Machine Learning Strategies for the Retrieval of Leaf-Chlorophyll Dynamics: Model Choice, Sequential Versus Retraining Learning, and Hyperspectral Predictors

Yoseline Angel; Matthew F McCabe

doi:10.3389/fpls.2022.722442

Machine Learning Strategies for the Retrieval of Leaf-Chlorophyll Dynamics: Model Choice, Sequential Versus Retraining Learning, and Hyperspectral Predictors

Front Plant Sci. 2022 Mar 11:13:722442. doi: 10.3389/fpls.2022.722442. eCollection 2022.

Authors

Yoseline Angel¹, Matthew F McCabe¹

Affiliation

¹ Hydrology, Agriculture and Land Observation Group, Water Desalination and Reuse Center, King Abdullah University of Science and Technology, Thuwal, Saudi Arabia.

Abstract

Monitoring leaf Chlorophyll (Chl) in-situ is labor-intensive, limiting representative sampling for detailed mapping of Chl variability at field scales across time.

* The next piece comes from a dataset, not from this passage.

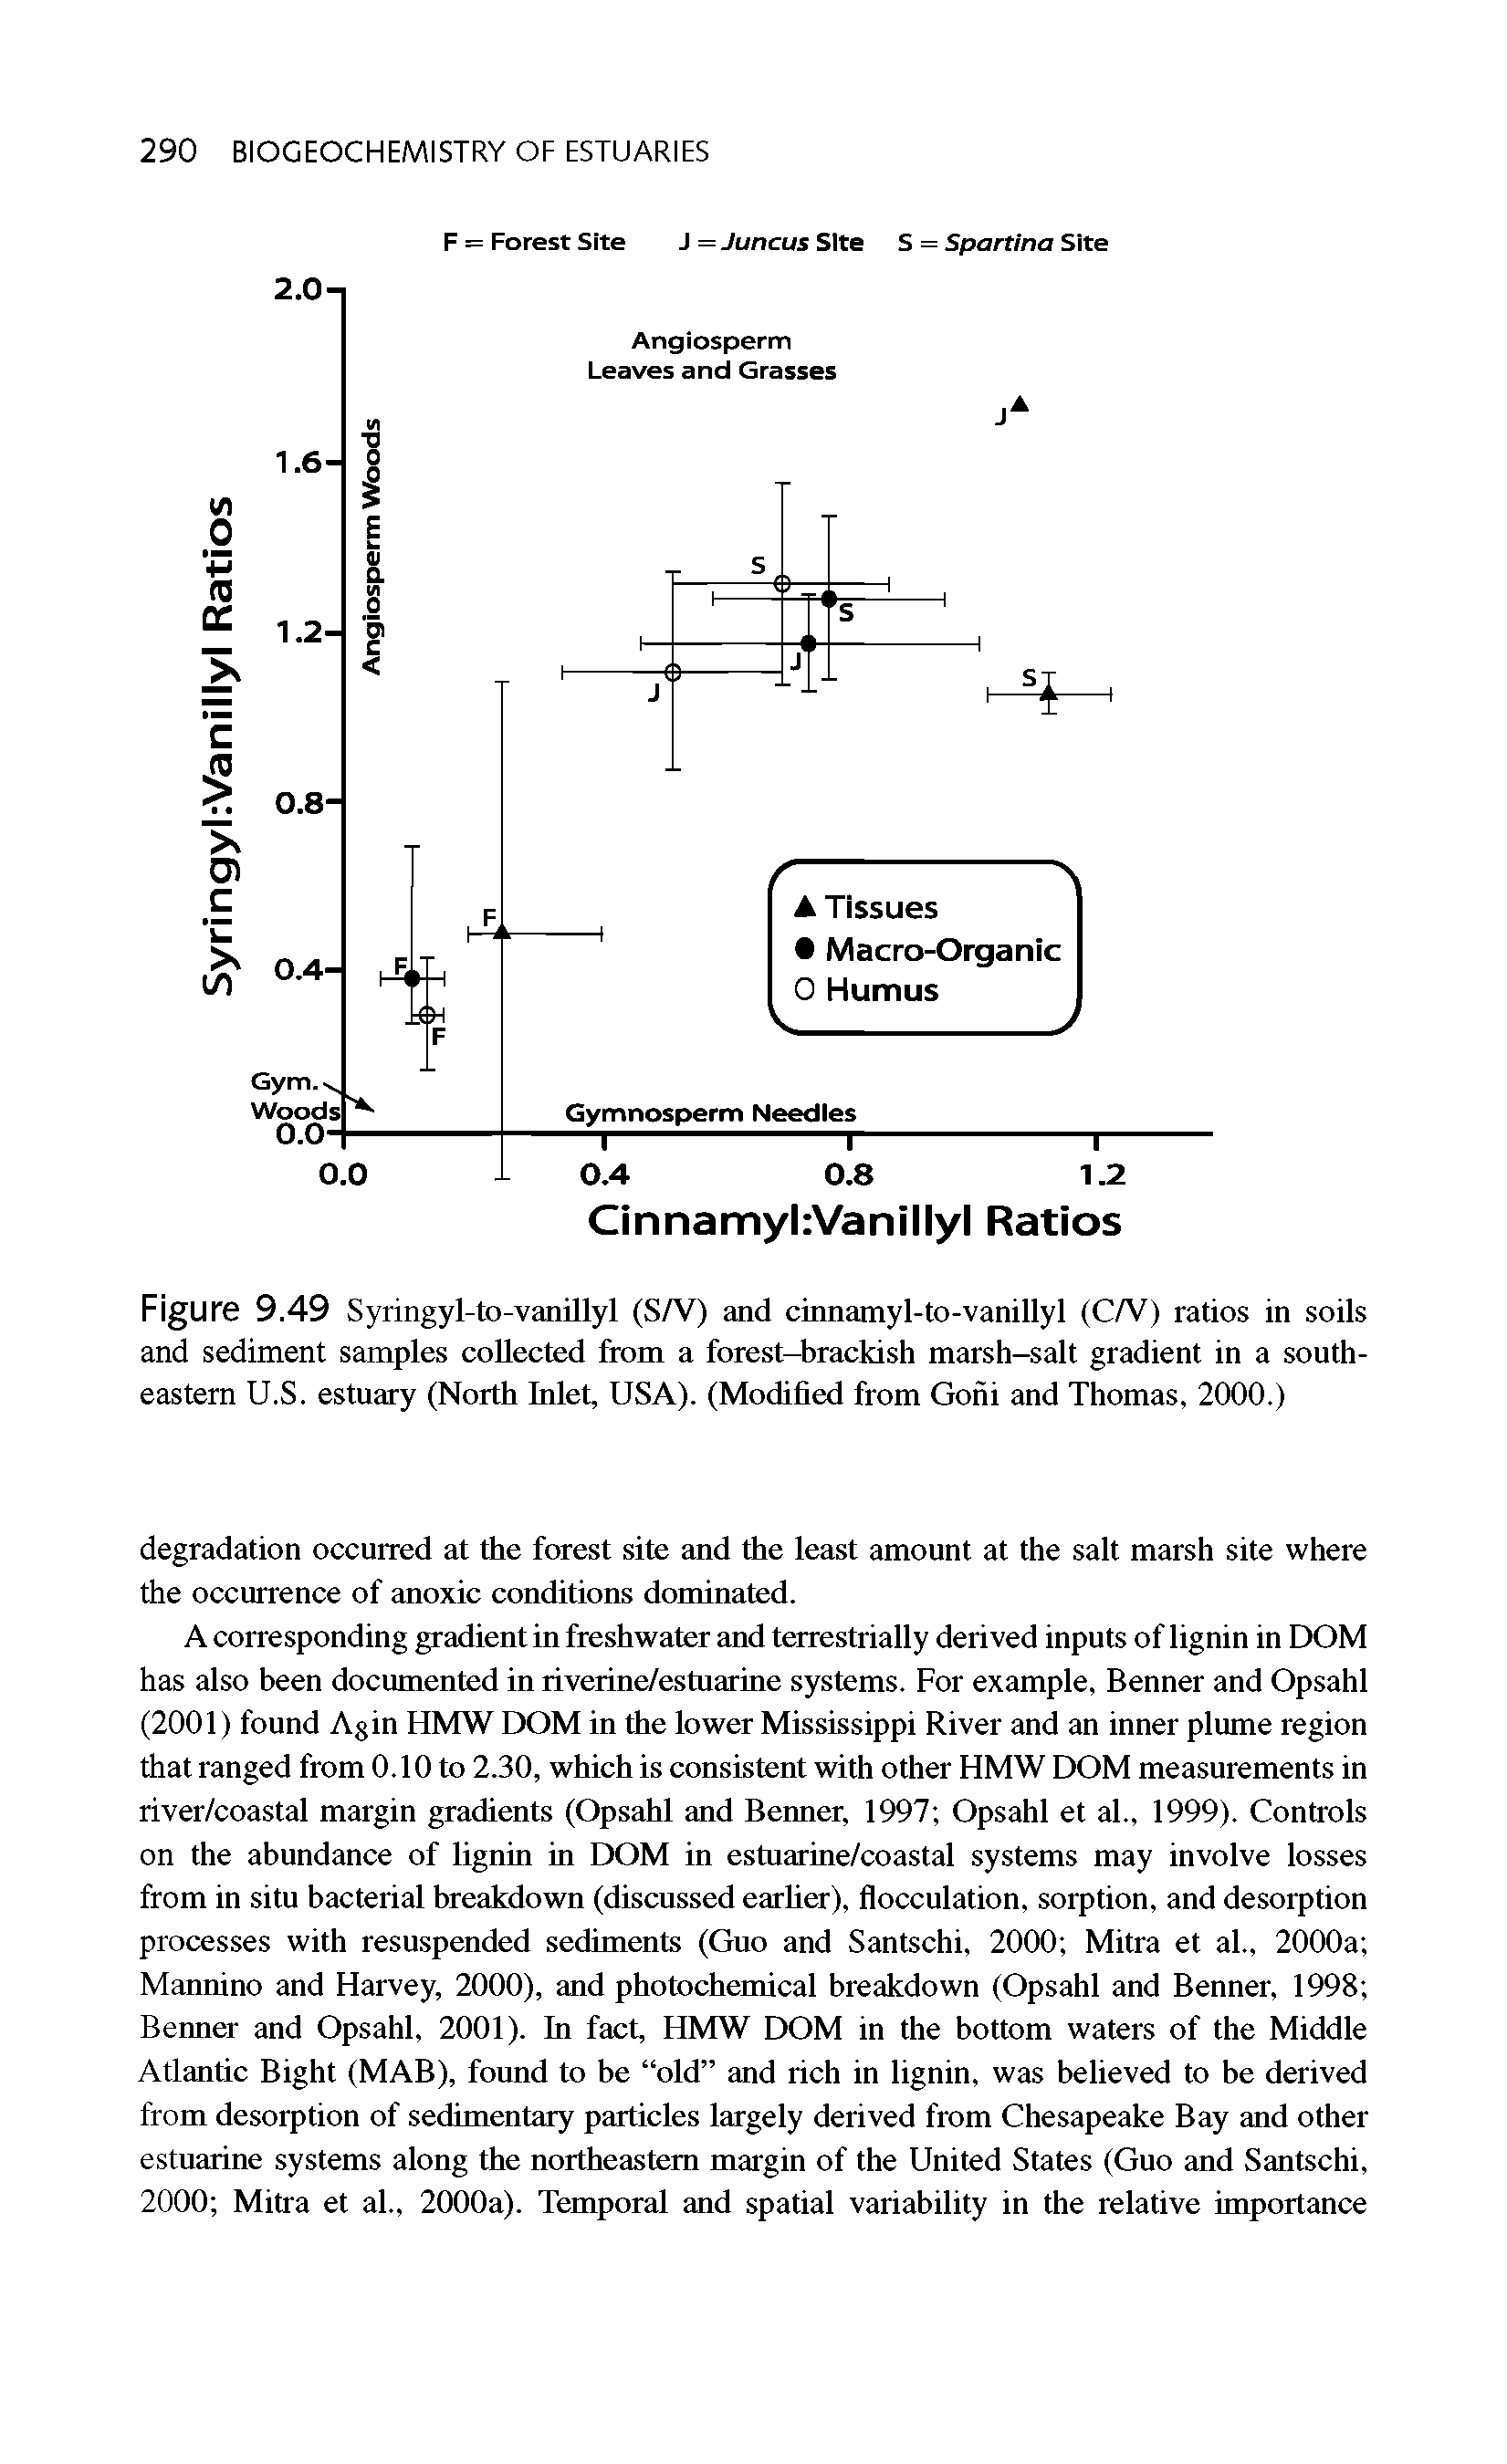 Figure 9.49 Syringyl-to-vanillyl (S/V) and cinnamyl-to-vanillyl (C/V) ratios in soils and sediment samples collected from a forest-brackish marsh-salt gradient in a southeastern U.S. estuary (North Inlet, USA). (Modified from Gorii and Thomas, 2000.)...

Unmanned aeria-l vehicles (UAV) and hyperspectral cameras provide flexible platforms for observing agricultural systems, overcoming this spatio-temporal sampling constraint. Here, we evaluate a customized machine learning (ML) workflow to retrieve multi-temporal leaf-Chl levels, combining sub-centimeter resolution UAV-hyperspectral imagery (400-1,000 nm) with leaf-level reflectance spectra and SPAD measurements, capturing temporal correlations, selecting relevant predictors, and retrieving accurate results under different conditions. The study is performed within a phenotyping experiment to monitor wild tomato plants' development. Several analyses were conducted to evaluate multiple ML strategies, including: (1) exploring sequential versus retraining learning; (2) comparing insights gained from using 272 spectral bands versus 60 pigment-based vegetation indices (VIs); and (3) assessing six regression methods (linear, partial-least-square regression; PLSR, decision trees, support vector, ensemble trees, and Gaussian process; GPR). Goodness-of-fit (R ²) and accuracy metrics (MAE, RMSE) were determined using training/testing and validation data subsets to assess the models' performance. Overall, while equally good performance was obtained using either PLSR, GPR, or random forest, results show: (1) the retraining strategy improved the ability of most of the approaches to model SPAD-based Chl dynamics; (2) comparative analysis between retrievals and validation data distributions informed the models' ability to capture Chl dynamics through SPAD levels; (3) VI predictors slightly improved R ² (e.g., from 0.59 to 0.74 units for GPR) and accuracy (e.g., MAE and RMSE differences of up to 2 SPAD units) in specific algorithms; (4) feature importance examined through these methods, revealed strong overlaps between relevant bands and VI predictors, highlighting a few decisive spectral ranges and indices useful for retrieving leaf-Chl levels. The proposed ML framework allows the retrieval of high-quality spatially distributed and multi-temporal SPAD-based chlorophyll maps at an ultra-high pixel resolution (e.g., 7 mm).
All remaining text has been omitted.